Vecchio at 1003, 533 N.Y.S.2d 634, quoting Lighthouse Shores v. Town of Islip, 41 N.Y.2d 7, 12, 390 N.Y.S.2d 827, 359 N.E.2d 337 (1976).
At the outset, the defendant's interstate commerce argument must fail. First, there is no proof in the case at bar that any of the defendant's drivers received summonses outside the Village of Westbury. Thus, the defendant's interstate commerce argument has no merit. Congress has explicitly exempted taxicabs from federal regulation because taxicabs are local in nature.

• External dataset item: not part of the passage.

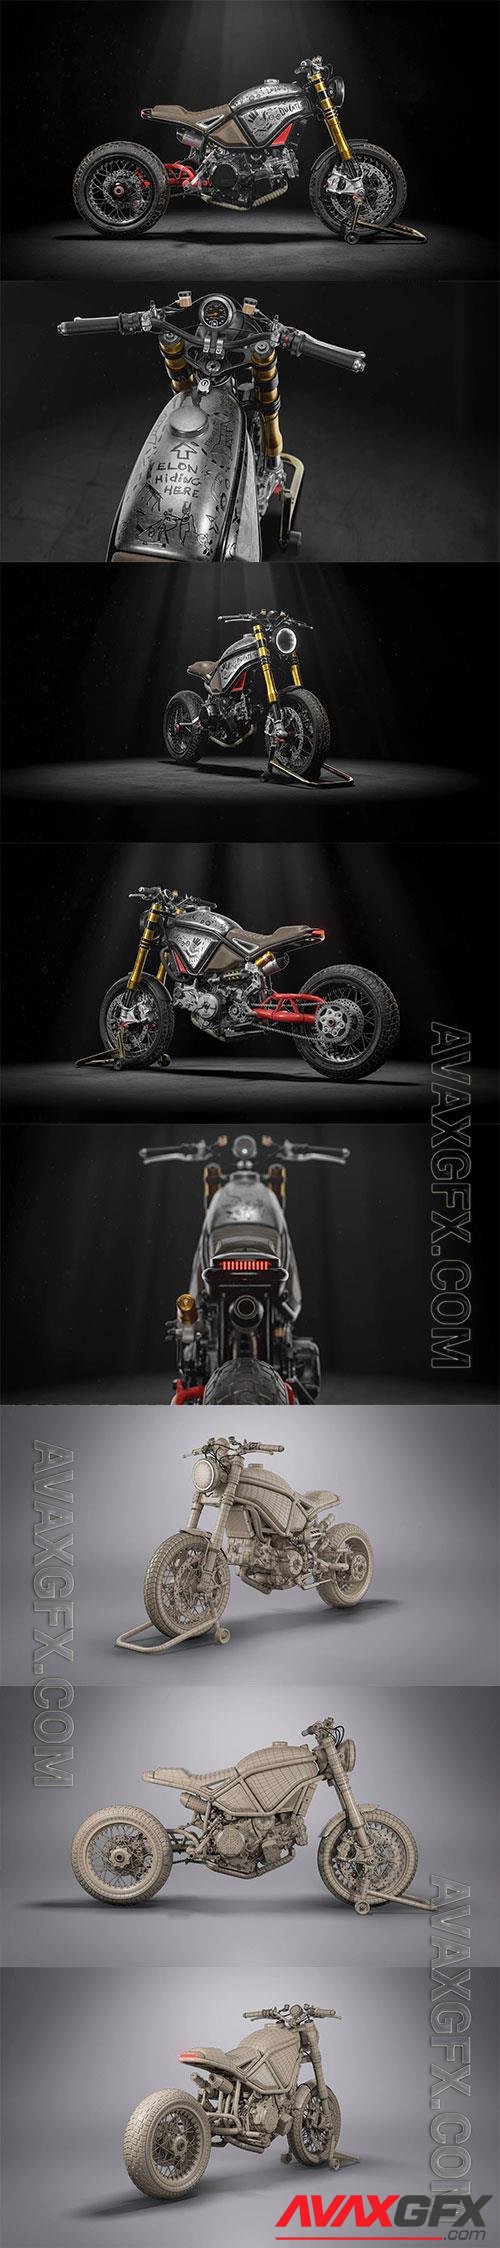 Ducati Motorcycle Custom Scrambler 3D Model
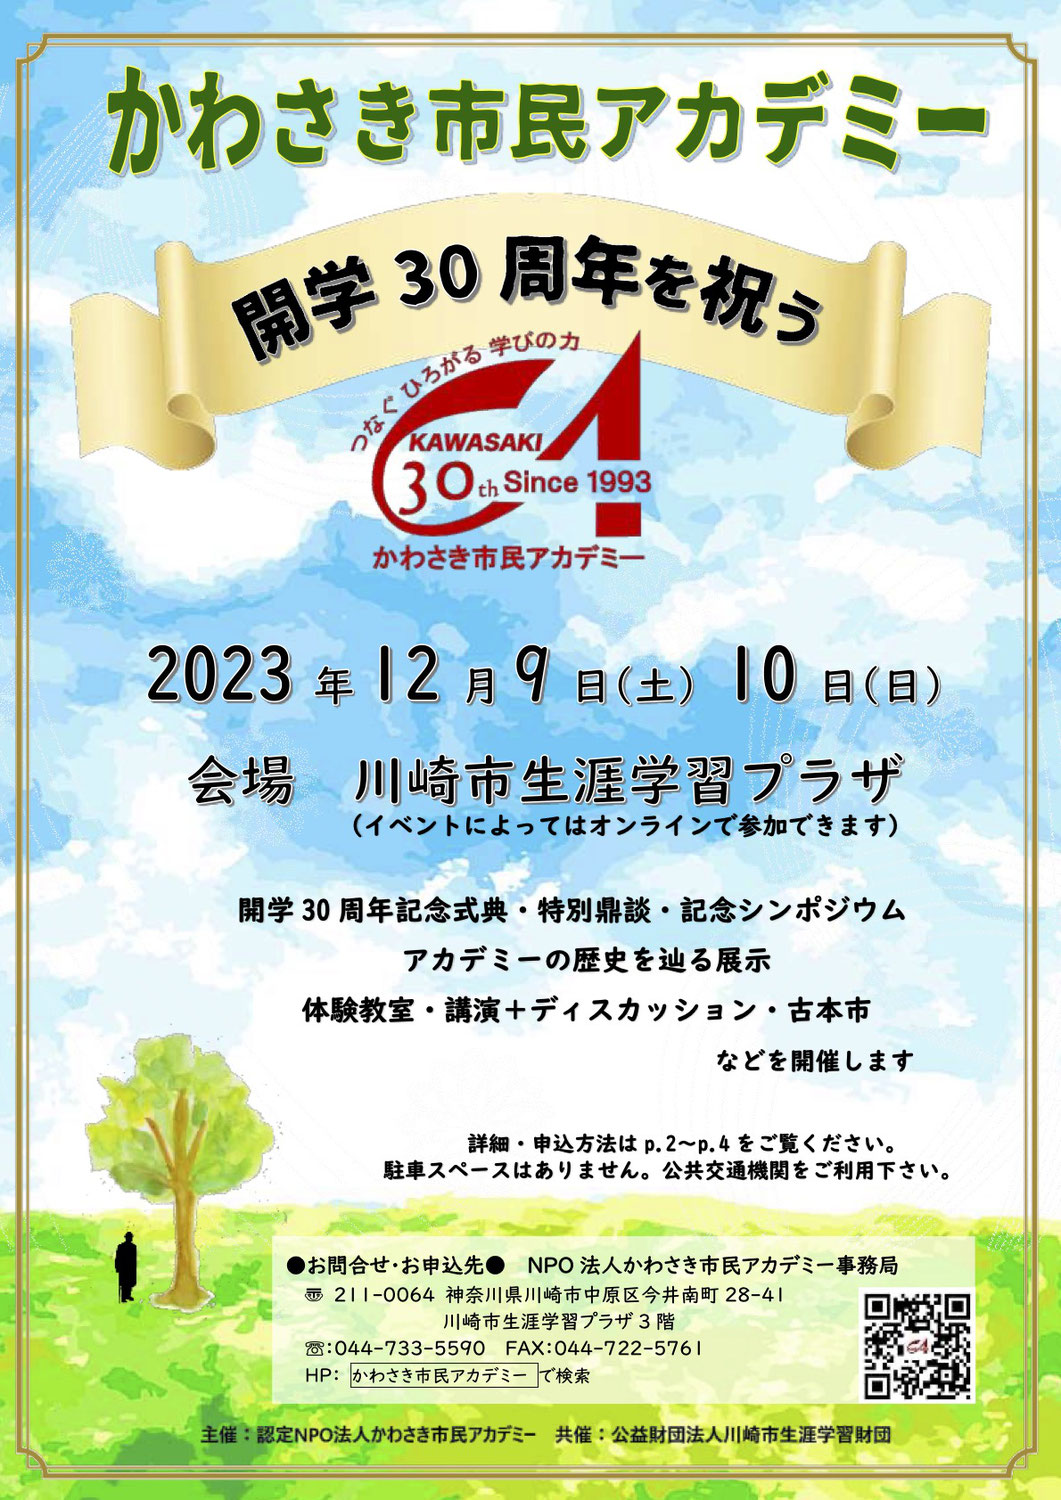 かわさき市民アカデミー開学30周年イベント

The Miscellaneous Motor Carrier Transportation Exemptions, 49 U.S.C. § 10526(a)(2), states that: "The Interstate Commerce Commission (hereinafter ICC) does not have jurisdiction * * * over * * * motor vehicles providing taxicab service and having a capacity of not more than 6 passengers and is not operated on a regular route or between specified places." The ICC has consistently interpreted taxicab service as inherently local in activity, not involving transportation distances more than 70 miles. ICC v. Mr. B's Services, 934 F.2d 117 (7th Cir.1991).
However, in Buck v. California, 343 U.S. 99, 72 S.Ct. 502, 96 L.Ed. 775 (1952), the Supreme Court of the United States stated: "The Interstate Commerce Commission ... has promulgated regulations establishing minimum qualifications for drivers of motor vehicles for carriers, including taxicabs ... this does not prevent the state or a subdivision thereof ... from providing additional specifications as to qualifications ..." Id. at 102, 72 S.Ct. at 504. The Court went on to state: Id. at 102, 72 S.Ct. at 504.
In Buck, the defendant was charged with driving taxicabs in the unincorporated area of San Diego County without a permit. The defendant picked up passengers in Mexico and transported them across the United States border, across the unincorporated area of San Diego to points not in the unincorporated area where they were arrested. The Supreme Court ruled that taxicabs are so detached from interstate or foreign commerce that "so long as there is no attempt to discriminatorily regulate or directly burden or charge for the privilege of doing business in interstate or foreign commerce, the regulation is valid." Id. at 102, 72 S.Ct. at 504. The Court stressed that taxicabs are "essentially local." Id.
In the case at bar there is no proof that the defendant's taxicabs are involved in interstate commerce. The only relation to interstate commerce would be passengers being picked up at the Long Island Railroad Station in the Village. However, that is only an indirect relationship to interstate commerce because all the activity in the instant action occurred within the borders of the Village.